It happened again. I was talking to my mother and standing wheny legs decided to give out again. I think I’m getting better. Instead of crying like I usually end up doing, I just cursed my frustration. I’ll probably cry later when I’m not in the presence of my mother. 

My legs are freezing. It’s beginning to become more and more annoying.

Let’s see how long this one lasts…. Sigh…

Yesterday

So, let’s talk about yesterday. 

I went to this supposed neurologist. I get there, and he checks my reflexes and has me walk a short distance and then tells me “tests” are normal.
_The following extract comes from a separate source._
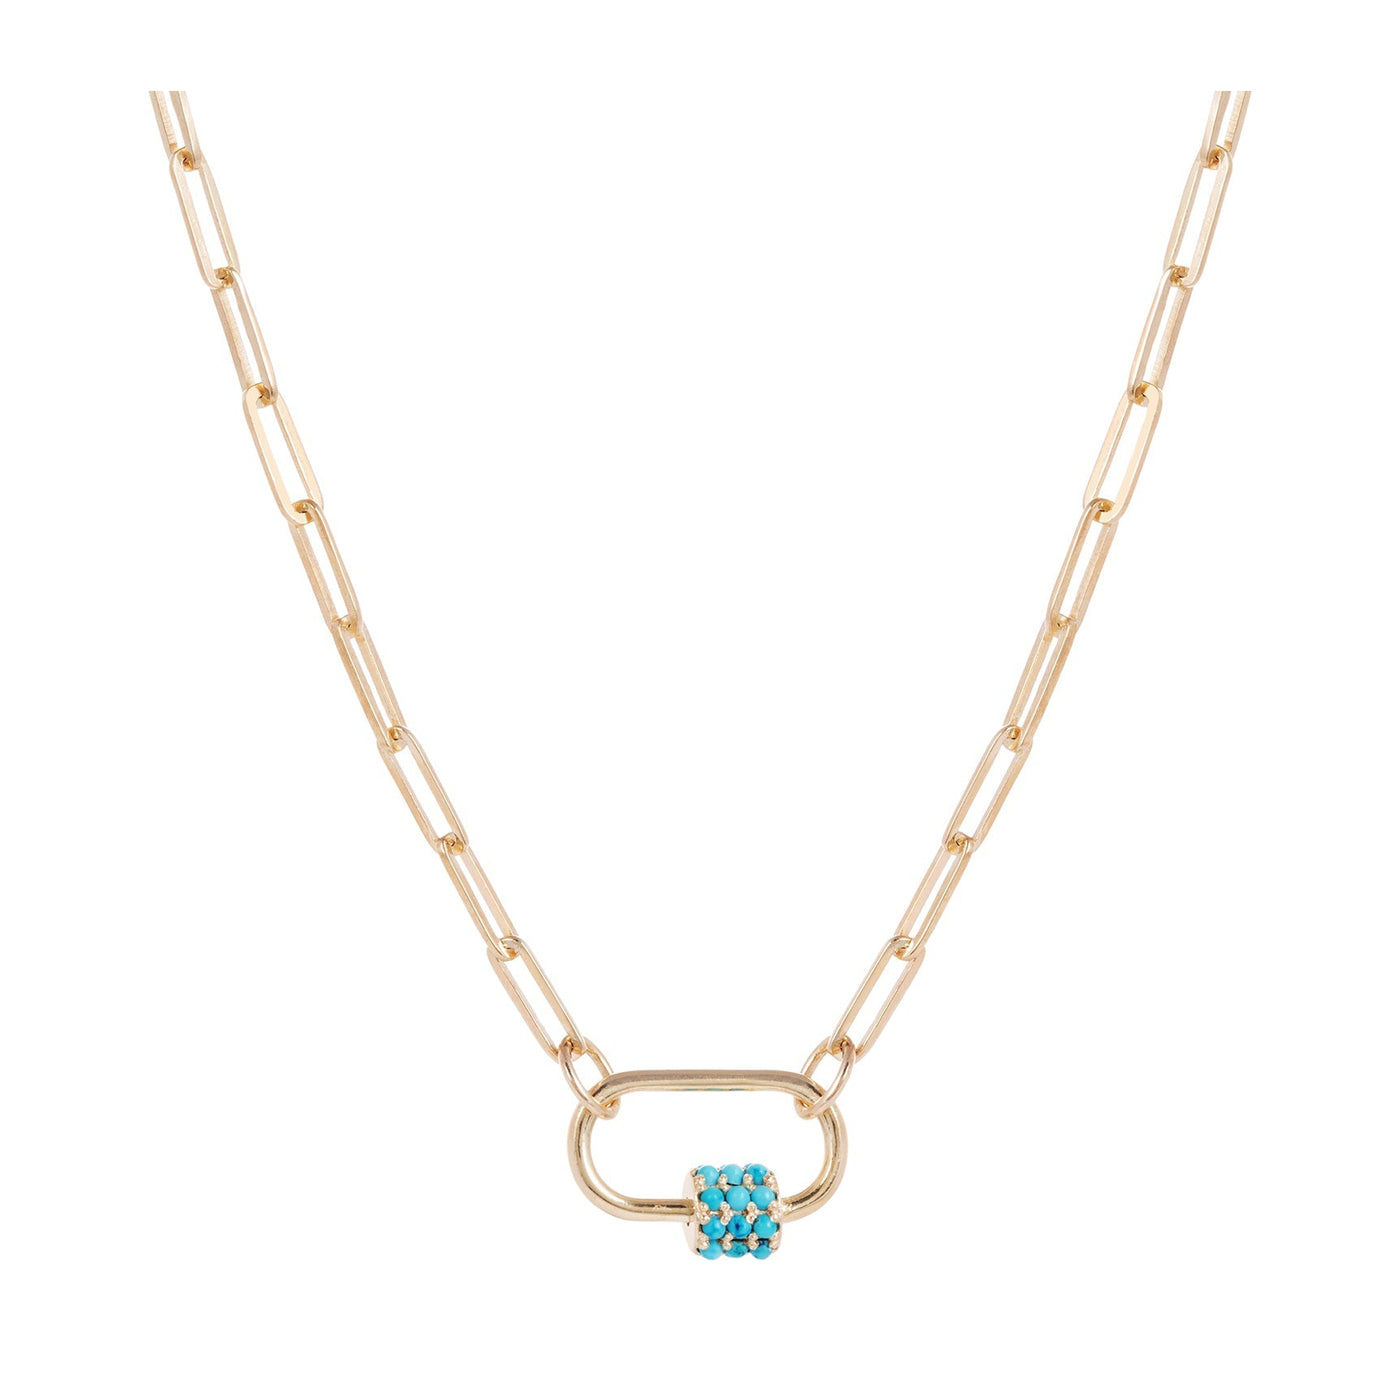 Daphne Gold Paperclip Link Chain Necklace with Turquoise Carabiner lock

Also, tells me that “there is nothing that can only last hours and stop.” 

Haha, no, bub. There is, I’ve read about numerous things. Amongst these “tests” he put a vibration tool on my legs and on my way out, my legs start getting sore. Like electricity was zapping through my veins. It continues to get worse until I was in tears and swallowing screams. My concerned boyfriend then pointed out that my legs were exceptionally pale, but my toes were bright red. Almost as if all my blood rushed to the tips of my toes and stayed there. 

Since then, the pain has died down a bit, but it continues to get more painful to walk. Every step I take feels like my bones are breaking crack by crack. 

I looked up this “nuerologist” on Health Grades. He had a rating of 2 stars, and according to many reviews, he refuses to touch men. Which is why I am very glad my boyfriend came back with me. 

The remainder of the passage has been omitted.